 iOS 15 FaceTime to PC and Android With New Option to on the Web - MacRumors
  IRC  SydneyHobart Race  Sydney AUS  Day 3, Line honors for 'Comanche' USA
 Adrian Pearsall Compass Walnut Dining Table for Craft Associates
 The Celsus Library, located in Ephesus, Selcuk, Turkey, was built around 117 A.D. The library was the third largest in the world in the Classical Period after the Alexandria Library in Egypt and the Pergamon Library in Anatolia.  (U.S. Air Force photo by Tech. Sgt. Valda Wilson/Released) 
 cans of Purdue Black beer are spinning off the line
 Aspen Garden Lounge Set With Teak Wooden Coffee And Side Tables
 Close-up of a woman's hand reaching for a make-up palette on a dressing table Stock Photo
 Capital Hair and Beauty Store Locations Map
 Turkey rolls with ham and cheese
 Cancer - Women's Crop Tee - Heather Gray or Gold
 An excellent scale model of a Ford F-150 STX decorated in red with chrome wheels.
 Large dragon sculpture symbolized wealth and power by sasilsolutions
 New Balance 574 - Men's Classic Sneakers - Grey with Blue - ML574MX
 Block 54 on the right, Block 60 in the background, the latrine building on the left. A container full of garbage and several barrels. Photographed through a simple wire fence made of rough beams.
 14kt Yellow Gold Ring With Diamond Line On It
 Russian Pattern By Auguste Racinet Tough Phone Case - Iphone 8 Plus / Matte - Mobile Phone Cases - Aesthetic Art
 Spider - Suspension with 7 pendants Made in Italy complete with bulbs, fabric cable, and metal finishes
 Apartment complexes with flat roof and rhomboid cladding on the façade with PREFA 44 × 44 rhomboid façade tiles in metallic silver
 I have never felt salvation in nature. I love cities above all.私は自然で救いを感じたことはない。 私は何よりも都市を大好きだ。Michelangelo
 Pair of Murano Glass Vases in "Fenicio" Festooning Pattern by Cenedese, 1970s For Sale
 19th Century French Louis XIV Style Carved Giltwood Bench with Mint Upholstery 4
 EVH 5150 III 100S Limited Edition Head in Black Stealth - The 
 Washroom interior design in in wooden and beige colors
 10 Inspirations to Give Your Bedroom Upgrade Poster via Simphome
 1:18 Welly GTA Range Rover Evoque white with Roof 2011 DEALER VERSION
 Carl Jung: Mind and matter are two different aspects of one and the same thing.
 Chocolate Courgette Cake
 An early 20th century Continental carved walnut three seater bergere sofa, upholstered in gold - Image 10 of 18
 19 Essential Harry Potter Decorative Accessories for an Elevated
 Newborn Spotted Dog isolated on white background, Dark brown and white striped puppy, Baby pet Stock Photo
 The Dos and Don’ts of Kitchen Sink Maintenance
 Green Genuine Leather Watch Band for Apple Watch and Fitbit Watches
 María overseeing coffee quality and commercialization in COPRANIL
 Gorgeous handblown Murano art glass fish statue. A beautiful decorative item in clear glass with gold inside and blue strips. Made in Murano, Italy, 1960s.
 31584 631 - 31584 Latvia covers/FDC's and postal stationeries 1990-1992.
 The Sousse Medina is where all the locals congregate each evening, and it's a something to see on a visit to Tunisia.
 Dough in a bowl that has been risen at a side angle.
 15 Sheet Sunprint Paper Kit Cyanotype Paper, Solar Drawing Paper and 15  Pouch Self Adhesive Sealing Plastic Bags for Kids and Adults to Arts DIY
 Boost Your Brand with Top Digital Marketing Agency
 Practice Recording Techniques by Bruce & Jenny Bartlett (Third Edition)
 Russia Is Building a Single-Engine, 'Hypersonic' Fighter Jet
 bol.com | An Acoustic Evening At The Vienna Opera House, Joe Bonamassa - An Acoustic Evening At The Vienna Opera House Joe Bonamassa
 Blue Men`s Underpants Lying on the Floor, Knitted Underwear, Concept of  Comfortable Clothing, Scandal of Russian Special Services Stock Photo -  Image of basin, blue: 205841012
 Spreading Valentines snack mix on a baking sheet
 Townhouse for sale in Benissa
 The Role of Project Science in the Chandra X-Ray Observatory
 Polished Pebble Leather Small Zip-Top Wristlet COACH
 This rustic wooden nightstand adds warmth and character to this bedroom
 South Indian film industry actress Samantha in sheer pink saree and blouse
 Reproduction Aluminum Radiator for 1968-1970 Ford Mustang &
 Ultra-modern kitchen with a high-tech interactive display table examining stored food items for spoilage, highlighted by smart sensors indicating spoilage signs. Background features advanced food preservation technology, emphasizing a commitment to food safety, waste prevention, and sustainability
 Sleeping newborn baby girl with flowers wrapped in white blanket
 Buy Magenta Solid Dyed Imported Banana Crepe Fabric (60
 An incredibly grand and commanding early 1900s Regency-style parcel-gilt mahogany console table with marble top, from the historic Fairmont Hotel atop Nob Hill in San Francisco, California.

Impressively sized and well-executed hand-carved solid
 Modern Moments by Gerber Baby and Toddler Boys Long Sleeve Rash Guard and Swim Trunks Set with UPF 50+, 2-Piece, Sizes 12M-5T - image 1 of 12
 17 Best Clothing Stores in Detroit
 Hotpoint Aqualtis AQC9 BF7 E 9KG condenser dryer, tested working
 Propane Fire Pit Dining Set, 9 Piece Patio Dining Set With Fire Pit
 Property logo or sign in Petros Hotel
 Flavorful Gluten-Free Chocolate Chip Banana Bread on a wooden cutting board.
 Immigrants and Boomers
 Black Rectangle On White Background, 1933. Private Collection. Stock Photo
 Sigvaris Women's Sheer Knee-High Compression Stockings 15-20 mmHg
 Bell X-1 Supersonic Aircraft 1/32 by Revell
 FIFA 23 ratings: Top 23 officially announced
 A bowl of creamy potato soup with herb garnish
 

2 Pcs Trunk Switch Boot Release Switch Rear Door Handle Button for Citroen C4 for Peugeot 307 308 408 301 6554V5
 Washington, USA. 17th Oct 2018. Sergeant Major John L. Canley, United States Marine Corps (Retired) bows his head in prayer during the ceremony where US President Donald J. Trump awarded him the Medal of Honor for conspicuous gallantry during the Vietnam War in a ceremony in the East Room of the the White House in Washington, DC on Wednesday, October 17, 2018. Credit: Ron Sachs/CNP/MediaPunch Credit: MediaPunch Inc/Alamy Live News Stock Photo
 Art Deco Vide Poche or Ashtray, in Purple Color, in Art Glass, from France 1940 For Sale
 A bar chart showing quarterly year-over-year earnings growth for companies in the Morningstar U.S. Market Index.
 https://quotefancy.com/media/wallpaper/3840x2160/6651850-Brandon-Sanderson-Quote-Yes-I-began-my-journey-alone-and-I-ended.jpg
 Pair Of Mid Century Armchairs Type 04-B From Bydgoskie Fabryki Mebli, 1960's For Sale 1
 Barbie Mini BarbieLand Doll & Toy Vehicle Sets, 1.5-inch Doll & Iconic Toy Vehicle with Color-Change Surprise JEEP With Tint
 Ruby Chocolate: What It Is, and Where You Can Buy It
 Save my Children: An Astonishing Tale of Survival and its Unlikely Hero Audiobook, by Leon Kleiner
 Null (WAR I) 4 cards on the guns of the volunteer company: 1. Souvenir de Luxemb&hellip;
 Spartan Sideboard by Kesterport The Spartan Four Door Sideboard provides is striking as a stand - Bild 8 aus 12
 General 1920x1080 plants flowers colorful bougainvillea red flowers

───

## Directions for this task:
Reproduce each entry exactly, leaving out nothing.

## Result for this exercise:
 iOS 15 FaceTime to PC and Android With New Option to on the Web - MacRumors
  IRC  SydneyHobart Race  Sydney AUS  Day 3, Line honors for 'Comanche' USA
 Adrian Pearsall Compass Walnut Dining Table for Craft Associates
 The Celsus Library, located in Ephesus, Selcuk, Turkey, was built around 117 A.D. The library was the third largest in the world in the Classical Period after the Alexandria Library in Egypt and the Pergamon Library in Anatolia.  (U.S. Air Force photo by Tech. Sgt. Valda Wilson/Released) 
 cans of Purdue Black beer are spinning off the line
 Aspen Garden Lounge Set With Teak Wooden Coffee And Side Tables
 Close-up of a woman's hand reaching for a make-up palette on a dressing table Stock Photo
 Capital Hair and Beauty Store Locations Map
 Turkey rolls with ham and cheese
 Cancer - Women's Crop Tee - Heather Gray or Gold
 An excellent scale model of a Ford F-150 STX decorated in red with chrome wheels.
 Large dragon sculpture symbolized wealth and power by sasilsolutions
 New Balance 574 - Men's Classic Sneakers - Grey with Blue - ML574MX
 Block 54 on the right, Block 60 in the background, the latrine building on the left. A container full of garbage and several barrels. Photographed through a simple wire fence made of rough beams.
 14kt Yellow Gold Ring With Diamond Line On It
 Russian Pattern By Auguste Racinet Tough Phone Case - Iphone 8 Plus / Matte - Mobile Phone Cases - Aesthetic Art
 Spider - Suspension with 7 pendants Made in Italy complete with bulbs, fabric cable, and metal finishes
 Apartment complexes with flat roof and rhomboid cladding on the façade with PREFA 44 × 44 rhomboid façade tiles in metallic silver
 I have never felt salvation in nature. I love cities above all.私は自然で救いを感じたことはない。 私は何よりも都市を大好きだ。Michelangelo
 Pair of Murano Glass Vases in "Fenicio" Festooning Pattern by Cenedese, 1970s For Sale
 19th Century French Louis XIV Style Carved Giltwood Bench with Mint Upholstery 4
 EVH 5150 III 100S Limited Edition Head in Black Stealth - The 
 Washroom interior design in in wooden and beige colors
 10 Inspirations to Give Your Bedroom Upgrade Poster via Simphome
 1:18 Welly GTA Range Rover Evoque white with Roof 2011 DEALER VERSION
 Carl Jung: Mind and matter are two different aspects of one and the same thing.
 Chocolate Courgette Cake
 An early 20th century Continental carved walnut three seater bergere sofa, upholstered in gold - Image 10 of 18
 19 Essential Harry Potter Decorative Accessories for an Elevated
 Newborn Spotted Dog isolated on white background, Dark brown and white striped puppy, Baby pet Stock Photo
 The Dos and Don’ts of Kitchen Sink Maintenance
 Green Genuine Leather Watch Band for Apple Watch and Fitbit Watches
 María overseeing coffee quality and commercialization in COPRANIL
 Gorgeous handblown Murano art glass fish statue. A beautiful decorative item in clear glass with gold inside and blue strips. Made in Murano, Italy, 1960s.
 31584 631 - 31584 Latvia covers/FDC's and postal stationeries 1990-1992.
 The Sousse Medina is where all the locals congregate each evening, and it's a something to see on a visit to Tunisia.
 Dough in a bowl that has been risen at a side angle.
 15 Sheet Sunprint Paper Kit Cyanotype Paper, Solar Drawing Paper and 15  Pouch Self Adhesive Sealing Plastic Bags for Kids and Adults to Arts DIY
 Boost Your Brand with Top Digital Marketing Agency
 Practice Recording Techniques by Bruce & Jenny Bartlett (Third Edition)
 Russia Is Building a Single-Engine, 'Hypersonic' Fighter Jet
 bol.com | An Acoustic Evening At The Vienna Opera House, Joe Bonamassa - An Acoustic Evening At The Vienna Opera House Joe Bonamassa
 Blue Men`s Underpants Lying on the Floor, Knitted Underwear, Concept of  Comfortable Clothing, Scandal of Russian Special Services Stock Photo -  Image of basin, blue: 205841012
 Spreading Valentines snack mix on a baking sheet
 Townhouse for sale in Benissa
 The Role of Project Science in the Chandra X-Ray Observatory
 Polished Pebble Leather Small Zip-Top Wristlet COACH
 This rustic wooden nightstand adds warmth and character to this bedroom
 South Indian film industry actress Samantha in sheer pink saree and blouse
 Reproduction Aluminum Radiator for 1968-1970 Ford Mustang &
 Ultra-modern kitchen with a high-tech interactive display table examining stored food items for spoilage, highlighted by smart sensors indicating spoilage signs. Background features advanced food preservation technology, emphasizing a commitment to food safety, waste prevention, and sustainability
 Sleeping newborn baby girl with flowers wrapped in white blanket
 Buy Magenta Solid Dyed Imported Banana Crepe Fabric (60
 An incredibly grand and commanding early 1900s Regency-style parcel-gilt mahogany console table with marble top, from the historic Fairmont Hotel atop Nob Hill in San Francisco, California.

Impressively sized and well-executed hand-carved solid
 Modern Moments by Gerber Baby and Toddler Boys Long Sleeve Rash Guard and Swim Trunks Set with UPF 50+, 2-Piece, Sizes 12M-5T - image 1 of 12
 17 Best Clothing Stores in Detroit
 Hotpoint Aqualtis AQC9 BF7 E 9KG condenser dryer, tested working
 Propane Fire Pit Dining Set, 9 Piece Patio Dining Set With Fire Pit
 Property logo or sign in Petros Hotel
 Flavorful Gluten-Free Chocolate Chip Banana Bread on a wooden cutting board.
 Immigrants and Boomers
 Black Rectangle On White Background, 1933. Private Collection. Stock Photo
 Sigvaris Women's Sheer Knee-High Compression Stockings 15-20 mmHg
 Bell X-1 Supersonic Aircraft 1/32 by Revell
 FIFA 23 ratings: Top 23 officially announced
 A bowl of creamy potato soup with herb garnish
 

2 Pcs Trunk Switch Boot Release Switch Rear Door Handle Button for Citroen C4 for Peugeot 307 308 408 301 6554V5
 Washington, USA. 17th Oct 2018. Sergeant Major John L. Canley, United States Marine Corps (Retired) bows his head in prayer during the ceremony where US President Donald J. Trump awarded him the Medal of Honor for conspicuous gallantry during the Vietnam War in a ceremony in the East Room of the the White House in Washington, DC on Wednesday, October 17, 2018. Credit: Ron Sachs/CNP/MediaPunch Credit: MediaPunch Inc/Alamy Live News Stock Photo
 Art Deco Vide Poche or Ashtray, in Purple Color, in Art Glass, from France 1940 For Sale
 A bar chart showing quarterly year-over-year earnings growth for companies in the Morningstar U.S. Market Index.
 https://quotefancy.com/media/wallpaper/3840x2160/6651850-Brandon-Sanderson-Quote-Yes-I-began-my-journey-alone-and-I-ended.jpg
 Pair Of Mid Century Armchairs Type 04-B From Bydgoskie Fabryki Mebli, 1960's For Sale 1
 Barbie Mini BarbieLand Doll & Toy Vehicle Sets, 1.5-inch Doll & Iconic Toy Vehicle with Color-Change Surprise JEEP With Tint
 Ruby Chocolate: What It Is, and Where You Can Buy It
 Save my Children: An Astonishing Tale of Survival and its Unlikely Hero Audiobook, by Leon Kleiner
 Null (WAR I) 4 cards on the guns of the volunteer company: 1. Souvenir de Luxemb&hellip;
 Spartan Sideboard by Kesterport The Spartan Four Door Sideboard provides is striking as a stand - Bild 8 aus 12
 General 1920x1080 plants flowers colorful bougainvillea red flowers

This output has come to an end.